◆ Exercise brief: Each entry has to be copied exactly, with nothing missed.

◆ Records supplied:
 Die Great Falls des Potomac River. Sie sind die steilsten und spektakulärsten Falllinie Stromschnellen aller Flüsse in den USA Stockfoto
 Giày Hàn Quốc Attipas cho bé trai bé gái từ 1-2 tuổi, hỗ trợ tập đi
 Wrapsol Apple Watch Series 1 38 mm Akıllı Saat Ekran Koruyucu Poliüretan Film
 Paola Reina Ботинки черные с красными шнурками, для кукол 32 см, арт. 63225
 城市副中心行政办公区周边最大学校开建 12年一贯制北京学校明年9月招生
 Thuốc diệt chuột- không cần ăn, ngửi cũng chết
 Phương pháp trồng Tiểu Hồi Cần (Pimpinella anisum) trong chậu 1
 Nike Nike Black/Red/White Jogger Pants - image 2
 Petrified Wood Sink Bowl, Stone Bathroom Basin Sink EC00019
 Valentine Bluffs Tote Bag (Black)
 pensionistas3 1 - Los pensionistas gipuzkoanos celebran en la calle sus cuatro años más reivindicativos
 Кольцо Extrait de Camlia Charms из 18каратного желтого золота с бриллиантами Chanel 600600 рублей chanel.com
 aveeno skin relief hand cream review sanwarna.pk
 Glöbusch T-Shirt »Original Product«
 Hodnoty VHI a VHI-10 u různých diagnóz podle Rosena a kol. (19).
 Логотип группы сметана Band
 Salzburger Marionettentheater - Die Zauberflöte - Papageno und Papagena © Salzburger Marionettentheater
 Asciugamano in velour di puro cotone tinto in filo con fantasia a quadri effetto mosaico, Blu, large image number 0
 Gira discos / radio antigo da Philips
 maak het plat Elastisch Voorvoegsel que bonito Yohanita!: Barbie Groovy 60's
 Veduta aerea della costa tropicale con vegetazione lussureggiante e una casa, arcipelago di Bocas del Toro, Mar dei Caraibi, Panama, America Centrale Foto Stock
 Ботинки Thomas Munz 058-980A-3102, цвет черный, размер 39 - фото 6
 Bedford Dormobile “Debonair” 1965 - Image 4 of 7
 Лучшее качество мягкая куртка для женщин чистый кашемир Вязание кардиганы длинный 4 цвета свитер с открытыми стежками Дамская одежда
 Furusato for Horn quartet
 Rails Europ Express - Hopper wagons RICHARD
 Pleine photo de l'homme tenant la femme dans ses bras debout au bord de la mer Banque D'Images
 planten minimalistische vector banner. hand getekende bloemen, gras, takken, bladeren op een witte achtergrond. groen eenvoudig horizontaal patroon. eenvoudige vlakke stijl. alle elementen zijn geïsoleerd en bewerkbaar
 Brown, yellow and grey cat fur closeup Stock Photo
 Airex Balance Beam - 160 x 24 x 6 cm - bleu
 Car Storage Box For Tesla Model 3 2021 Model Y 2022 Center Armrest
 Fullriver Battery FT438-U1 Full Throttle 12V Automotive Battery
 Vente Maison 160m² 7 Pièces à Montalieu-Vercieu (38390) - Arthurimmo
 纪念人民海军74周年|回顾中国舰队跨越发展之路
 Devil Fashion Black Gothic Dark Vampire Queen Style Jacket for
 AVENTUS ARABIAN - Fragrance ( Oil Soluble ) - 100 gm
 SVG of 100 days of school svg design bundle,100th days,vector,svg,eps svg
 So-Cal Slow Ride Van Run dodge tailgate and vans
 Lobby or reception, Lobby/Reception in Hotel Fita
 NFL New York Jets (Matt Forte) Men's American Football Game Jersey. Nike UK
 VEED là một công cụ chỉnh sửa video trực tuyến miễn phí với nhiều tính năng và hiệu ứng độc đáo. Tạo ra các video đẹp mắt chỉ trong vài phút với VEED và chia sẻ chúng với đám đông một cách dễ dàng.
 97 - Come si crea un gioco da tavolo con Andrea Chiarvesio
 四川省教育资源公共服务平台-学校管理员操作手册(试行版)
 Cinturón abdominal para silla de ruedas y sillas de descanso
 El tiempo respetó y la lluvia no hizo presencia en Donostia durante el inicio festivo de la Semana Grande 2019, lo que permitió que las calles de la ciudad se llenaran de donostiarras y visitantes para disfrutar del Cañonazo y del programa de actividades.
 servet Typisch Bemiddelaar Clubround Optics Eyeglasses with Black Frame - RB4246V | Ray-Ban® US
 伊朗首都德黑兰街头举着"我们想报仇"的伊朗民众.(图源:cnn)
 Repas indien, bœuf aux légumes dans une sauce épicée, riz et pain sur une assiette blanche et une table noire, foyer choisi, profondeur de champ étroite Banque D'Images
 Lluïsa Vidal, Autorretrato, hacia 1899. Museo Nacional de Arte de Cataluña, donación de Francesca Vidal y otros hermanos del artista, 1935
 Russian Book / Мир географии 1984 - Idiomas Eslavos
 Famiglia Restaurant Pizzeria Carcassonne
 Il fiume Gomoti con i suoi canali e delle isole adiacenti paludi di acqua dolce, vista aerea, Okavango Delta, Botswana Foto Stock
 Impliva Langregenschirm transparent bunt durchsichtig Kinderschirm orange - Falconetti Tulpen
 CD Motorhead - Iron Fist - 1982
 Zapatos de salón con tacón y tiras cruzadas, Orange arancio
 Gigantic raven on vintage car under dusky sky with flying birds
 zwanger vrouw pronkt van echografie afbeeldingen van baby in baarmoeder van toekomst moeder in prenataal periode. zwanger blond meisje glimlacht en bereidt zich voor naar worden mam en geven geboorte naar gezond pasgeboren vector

◆ Exercise solution:
 Die Great Falls des Potomac River. Sie sind die steilsten und spektakulärsten Falllinie Stromschnellen aller Flüsse in den USA Stockfoto
 Giày Hàn Quốc Attipas cho bé trai bé gái từ 1-2 tuổi, hỗ trợ tập đi
 Wrapsol Apple Watch Series 1 38 mm Akıllı Saat Ekran Koruyucu Poliüretan Film
 Paola Reina Ботинки черные с красными шнурками, для кукол 32 см, арт. 63225
 城市副中心行政办公区周边最大学校开建 12年一贯制北京学校明年9月招生
 Thuốc diệt chuột- không cần ăn, ngửi cũng chết
 Phương pháp trồng Tiểu Hồi Cần (Pimpinella anisum) trong chậu 1
 Nike Nike Black/Red/White Jogger Pants - image 2
 Petrified Wood Sink Bowl, Stone Bathroom Basin Sink EC00019
 Valentine Bluffs Tote Bag (Black)
 pensionistas3 1 - Los pensionistas gipuzkoanos celebran en la calle sus cuatro años más reivindicativos
 Кольцо Extrait de Camlia Charms из 18каратного желтого золота с бриллиантами Chanel 600600 рублей chanel.com
 aveeno skin relief hand cream review sanwarna.pk
 Glöbusch T-Shirt »Original Product«
 Hodnoty VHI a VHI-10 u různých diagnóz podle Rosena a kol. (19).
 Логотип группы сметана Band
 Salzburger Marionettentheater - Die Zauberflöte - Papageno und Papagena © Salzburger Marionettentheater
 Asciugamano in velour di puro cotone tinto in filo con fantasia a quadri effetto mosaico, Blu, large image number 0
 Gira discos / radio antigo da Philips
 maak het plat Elastisch Voorvoegsel que bonito Yohanita!: Barbie Groovy 60's
 Veduta aerea della costa tropicale con vegetazione lussureggiante e una casa, arcipelago di Bocas del Toro, Mar dei Caraibi, Panama, America Centrale Foto Stock
 Ботинки Thomas Munz 058-980A-3102, цвет черный, размер 39 - фото 6
 Bedford Dormobile “Debonair” 1965 - Image 4 of 7
 Лучшее качество мягкая куртка для женщин чистый кашемир Вязание кардиганы длинный 4 цвета свитер с открытыми стежками Дамская одежда
 Furusato for Horn quartet
 Rails Europ Express - Hopper wagons RICHARD
 Pleine photo de l'homme tenant la femme dans ses bras debout au bord de la mer Banque D'Images
 planten minimalistische vector banner. hand getekende bloemen, gras, takken, bladeren op een witte achtergrond. groen eenvoudig horizontaal patroon. eenvoudige vlakke stijl. alle elementen zijn geïsoleerd en bewerkbaar
 Brown, yellow and grey cat fur closeup Stock Photo
 Airex Balance Beam - 160 x 24 x 6 cm - bleu
 Car Storage Box For Tesla Model 3 2021 Model Y 2022 Center Armrest
 Fullriver Battery FT438-U1 Full Throttle 12V Automotive Battery
 Vente Maison 160m² 7 Pièces à Montalieu-Vercieu (38390) - Arthurimmo
 纪念人民海军74周年|回顾中国舰队跨越发展之路
 Devil Fashion Black Gothic Dark Vampire Queen Style Jacket for
 AVENTUS ARABIAN - Fragrance ( Oil Soluble ) - 100 gm
 SVG of 100 days of school svg design bundle,100th days,vector,svg,eps svg
 So-Cal Slow Ride Van Run dodge tailgate and vans
 Lobby or reception, Lobby/Reception in Hotel Fita
 NFL New York Jets (Matt Forte) Men's American Football Game Jersey. Nike UK
 VEED là một công cụ chỉnh sửa video trực tuyến miễn phí với nhiều tính năng và hiệu ứng độc đáo. Tạo ra các video đẹp mắt chỉ trong vài phút với VEED và chia sẻ chúng với đám đông một cách dễ dàng.
 97 - Come si crea un gioco da tavolo con Andrea Chiarvesio
 四川省教育资源公共服务平台-学校管理员操作手册(试行版)
 Cinturón abdominal para silla de ruedas y sillas de descanso
 El tiempo respetó y la lluvia no hizo presencia en Donostia durante el inicio festivo de la Semana Grande 2019, lo que permitió que las calles de la ciudad se llenaran de donostiarras y visitantes para disfrutar del Cañonazo y del programa de actividades.
 servet Typisch Bemiddelaar Clubround Optics Eyeglasses with Black Frame - RB4246V | Ray-Ban® US
 伊朗首都德黑兰街头举着"我们想报仇"的伊朗民众.(图源:cnn)
 Repas indien, bœuf aux légumes dans une sauce épicée, riz et pain sur une assiette blanche et une table noire, foyer choisi, profondeur de champ étroite Banque D'Images
 Lluïsa Vidal, Autorretrato, hacia 1899. Museo Nacional de Arte de Cataluña, donación de Francesca Vidal y otros hermanos del artista, 1935
 Russian Book / Мир географии 1984 - Idiomas Eslavos
 Famiglia Restaurant Pizzeria Carcassonne
 Il fiume Gomoti con i suoi canali e delle isole adiacenti paludi di acqua dolce, vista aerea, Okavango Delta, Botswana Foto Stock
 Impliva Langregenschirm transparent bunt durchsichtig Kinderschirm orange - Falconetti Tulpen
 CD Motorhead - Iron Fist - 1982
 Zapatos de salón con tacón y tiras cruzadas, Orange arancio
 Gigantic raven on vintage car under dusky sky with flying birds
 zwanger vrouw pronkt van echografie afbeeldingen van baby in baarmoeder van toekomst moeder in prenataal periode. zwanger blond meisje glimlacht en bereidt zich voor naar worden mam en geven geboorte naar gezond pasgeboren vector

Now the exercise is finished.